I have taken to calling this transition the Ides of Aquarius because the confluence of New Age thought with the traditional Mayan calendar all stirred into a fine contemporary mythic batter is liberally sprinkled with ideations from songs from late 1960s musical theater, recognition of catastrophism, and the galactic alignment. People love apocalyptic claptrap especially in times of change where we do not know what the the hell is going on. If there ever was such a time, it is now. The very nature of the rate of information flow has changed per what some people are calling an information singularity and what I have heard others describe as an information event horizon. No matter how you conceptualize it, the global instantaneous linkage of human thought changes everything no matter whether you frame it in negative prophetic terms or positive awakening terms, we are entering a new age and I refuse to partake in the fear mongering that I have taken to calling The Ides of Aquarius.
You know “ides” as in the Ides of March, the day and not the musical group, which happened to be the 15th day of March, and a bad day for Julius Caesar, but was the 13th day of the month during most months. Ides, a singular word, not a plural, basically was a mid-month recognition for the God of the Month, or something like that (I'm not Roman you know.) There is now an association of Ides with a time of bad luck. That is where the word “ides” comes in in my phrase. “Aquarius” encapsulates the other worldly but well known contemporary mythology that surrounds History Channel hysteria induced by the layering of doomsday prophesies that are largely built on supposed simultaneity of many, many predictions through time and space.
The commercial aspect of the creation of the Ides of Aquarious did not really hit me until I went to Xcaret on coastal Quintana Roo, and saw the signs of huge expenditures on four lane divided highways between Cancun and the coastland south of it that is being called the Mayan Riviera where luxury tourist digs are defying environmental logic with their very presence on the continually hurricane re-shaped coastline. And this is on a fragile land whose ecosystem collapsed from over-building and over-population a thousand years ago. Resorts pepper the coast, and inland ruins have been made into park like attractions. At Chichen Itza “restorative” work for a mega-buhzillionaire, invitation only, jet set apocalypse party was evident. Hotel and resort prices have doubled, tripled, and risen to the very top prices that can be afforded to small, elite subset of the international global market for the period surrounding the end of this baktun.
I am still processing all I saw and the conversations I had but I am completely convinced that there is as much hope as devastation in the Mayan, Hopi, and other prophecies that have been much promoted these past few years in anticipation of the turning of the Mayan calendar. I do not dismiss the beliefs of the people's to whom the prophecies belong, but the cultural property of a people extends to beliefs and how they order their world and I vehemently disagree with those who would commercialize or play at recreation and adoption of the sacred ways of others.
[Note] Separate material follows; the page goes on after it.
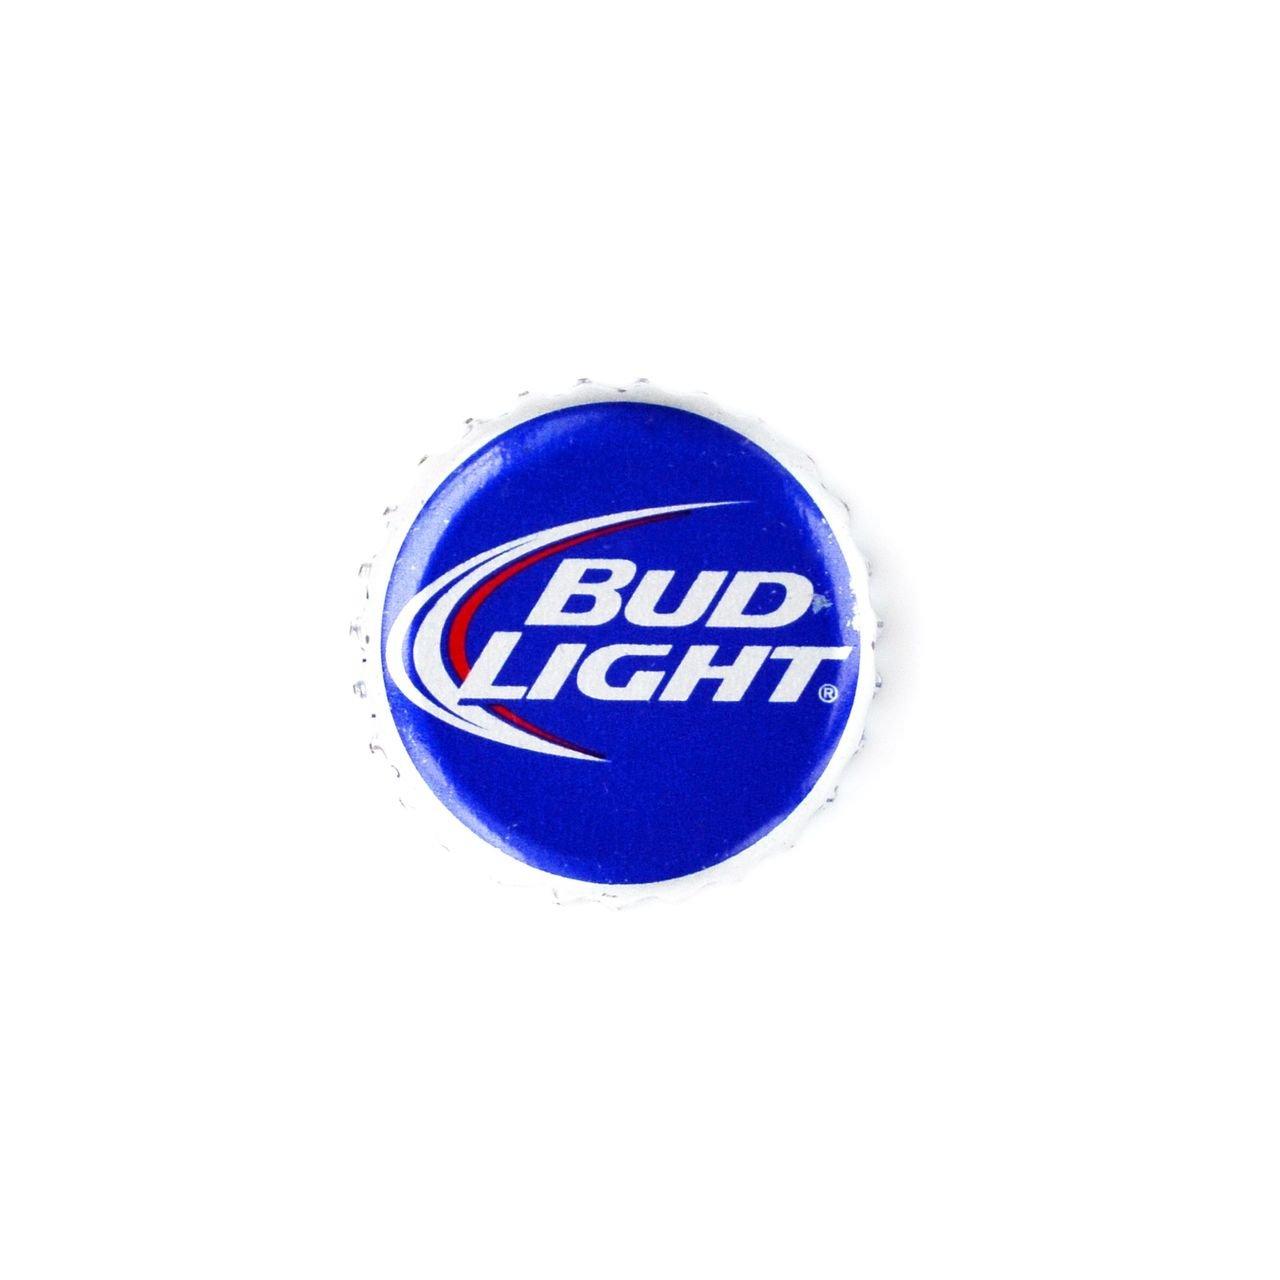 Quality Handcrafts Guaranteed Bud Light Bottle Cap Lapel Pin LP370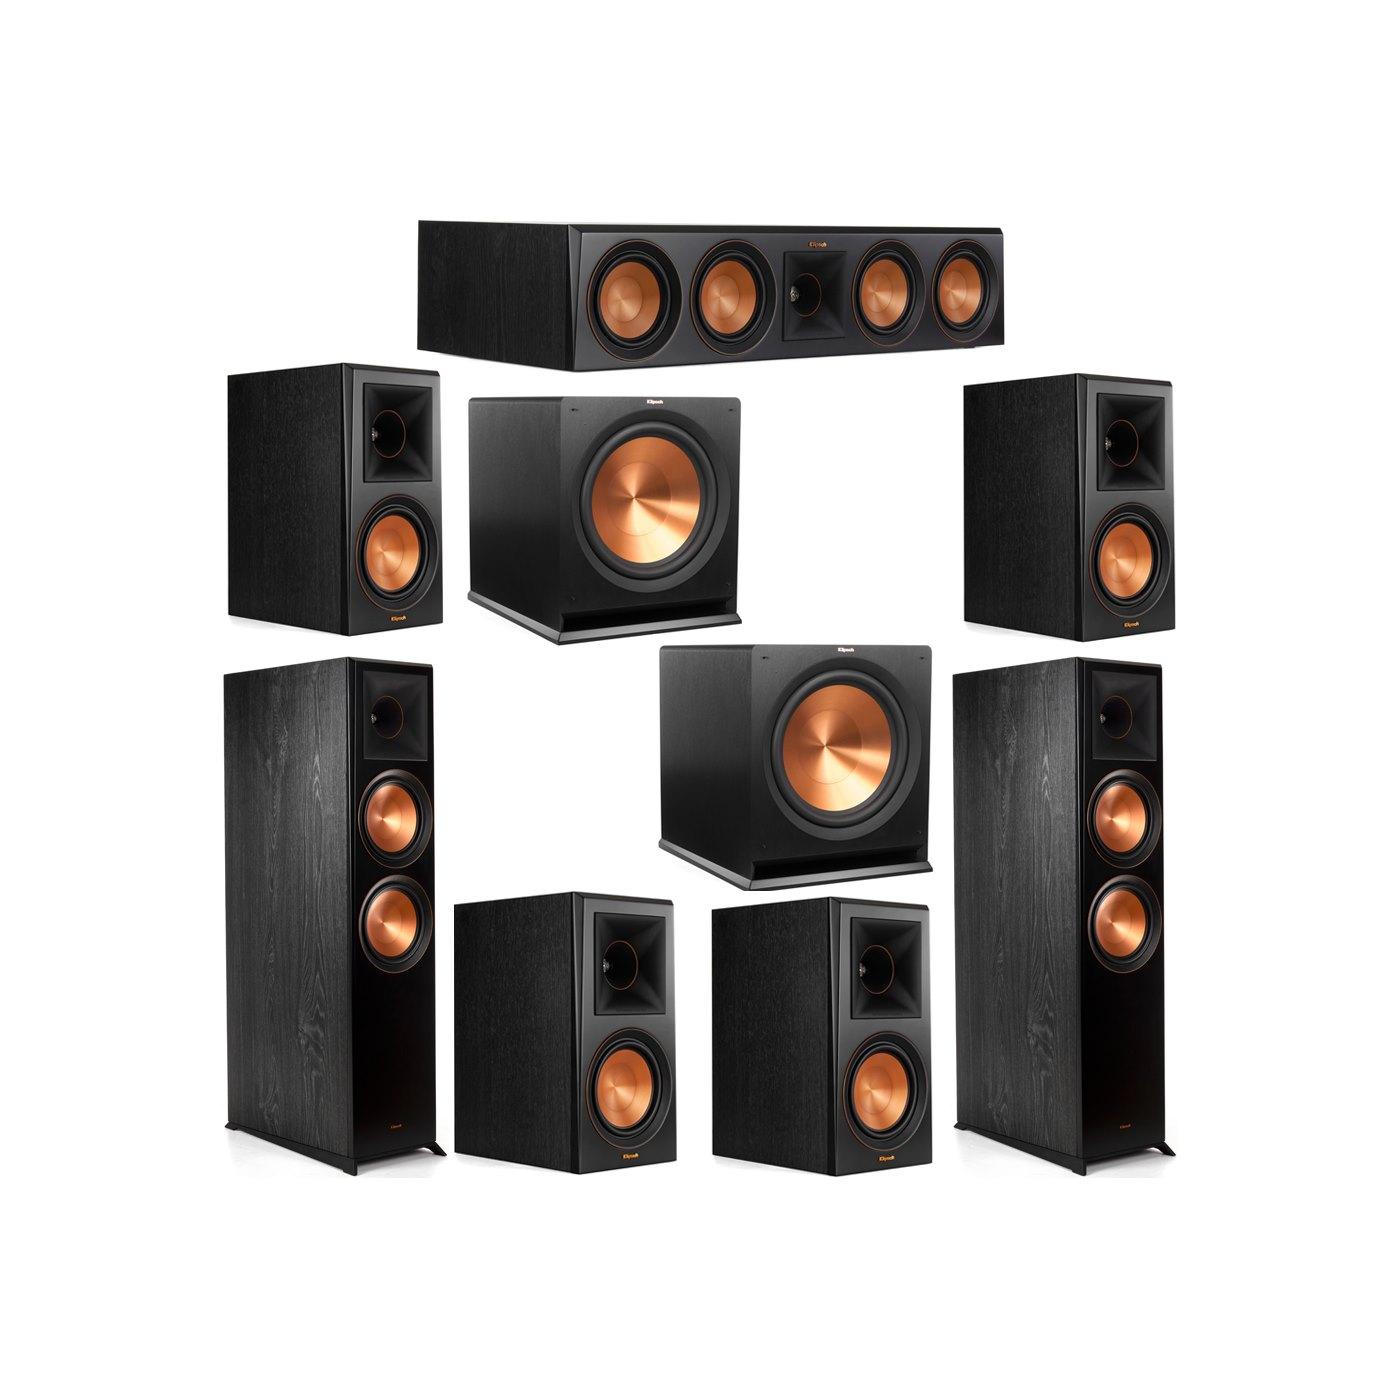 Klipsch 7.2 System with 2 RP-8000F Floorstanding Speakers, 1 Klipsch RP-504C Center Speaker, 4 Klipsch RP-600M Surround Speakers, 2 Klipsch R-115SW Subwoofers

The world will not end on the 21st of December. The 12-12-12 of today's date is just as worthy of superstitious behavior and the passing of such calendrical milestones from our lives unless we live on into the 22nd Century, which is not likely, as December 21st. What can happen though is what ever we want to have happen. Change is upon us now, we need not wait even a few more days for it to happen. We live in the midst of it now. We can shape and nudge the direction of that change. And because the pace at which we travel and live is so rapid, our minor efforts can amplify and we can have dramatic impact with just a bit of coordination of efforts. There is no need to fear coming change, and we are at a point where, metaphorically, peace can guide the planet, and love can steer the stars, if we choose to create that world.